WAAC advert October 1917
The Women’s Royal Naval Service (WRNS) was also formed in 1917 followed by the Women’s Royal Air Force (WRAF) in 1918 when the RAF was created. To give an idea of the scale of these organisations there were around 4,000 WRNS, 24,000 WRAFs, and 43,000 WAACs at the end of the war. They joined up for many reasons such as wanting to escape the constraints of society and a desire to do something adventurous. In so doing, they were exposed to concerns about morals with critics assuming they were solely seeking the company of men and that wearing a military-style uniform would lead to the women becoming ‘masculine’ and ‘unlovable’.
Two local women who were part of the WRNS were Violet-May Saunders and Winifred Newman. Both enlisted on 22 August 1918 and were based at the White Oak establishment in Poole. They were employed as net mine workers which involved wiring glass floats together for mine nets – presumably for the Royal Navy minesweepers which operated out of Poole during the war.

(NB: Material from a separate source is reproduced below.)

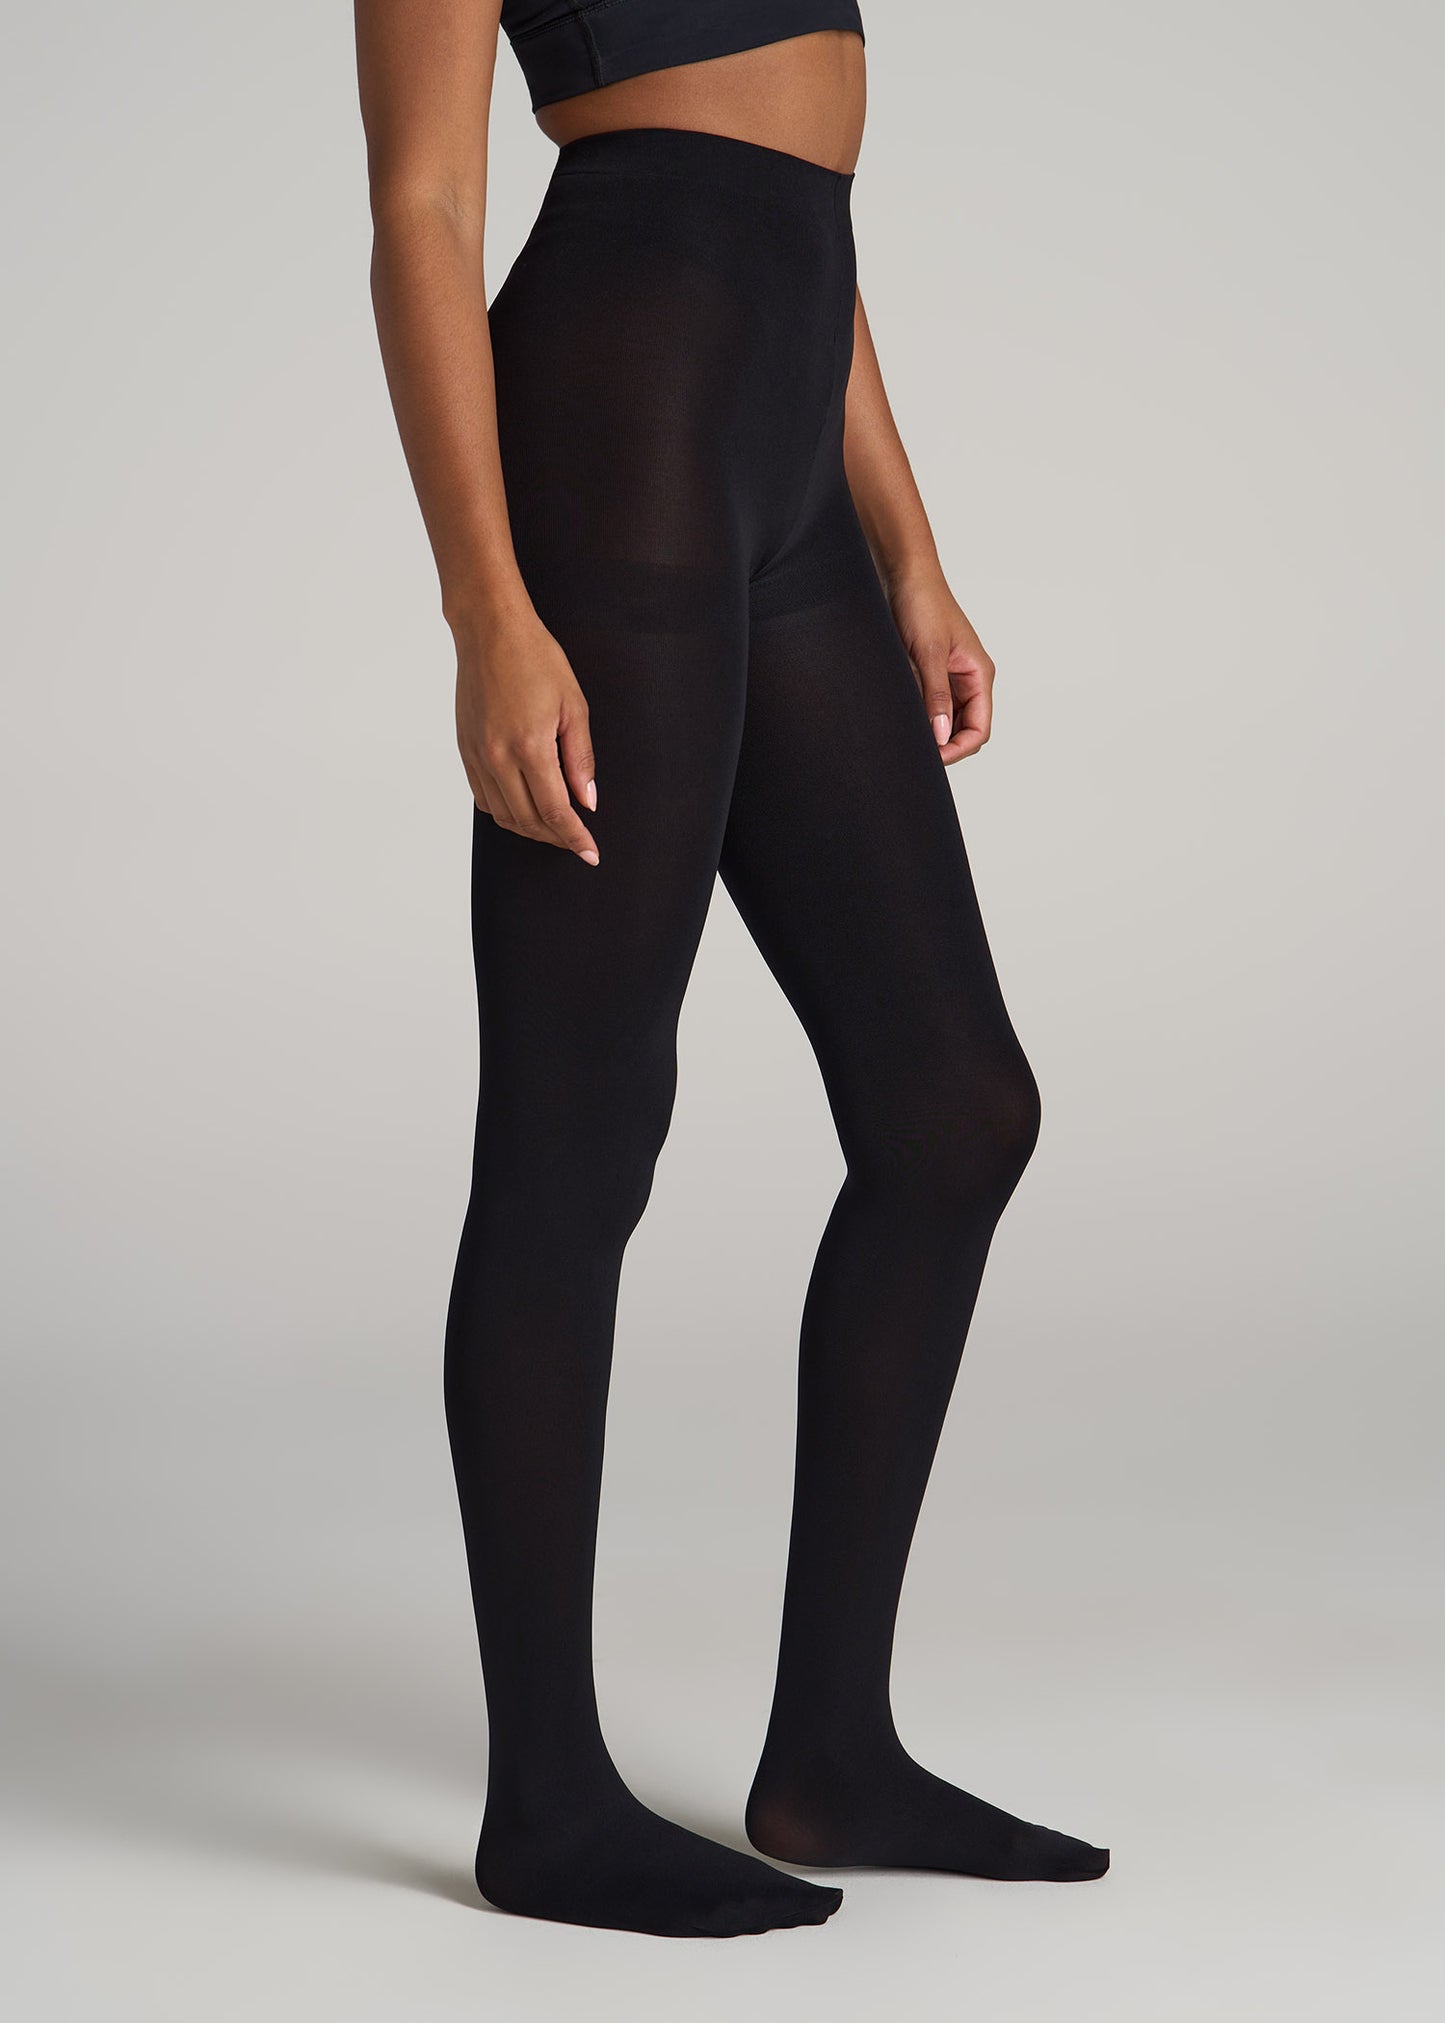 Tights for Tall Women

When the war ended the theoretical debate over the future of women workers became a reality. Prior to the conflict many in society believed that a job was something women did between school and marriage. The war altered this view but, in many cases, only temporarily. For example, in 1917 the Ministry of Munitions wanted more women to train for engineering work – the courses ran for several weeks in London and a maintenance grant was available. When fully trained it was said that a woman working on aero-engines or similar could earn at least £2 per week. Only two years later, with the war over, legislation was passed that made it against the law to employ a woman as an engineer.
Women who had found doors opening to opportunities that had been previously denied them now found those doors being closed – another blog will cover the post-war situation.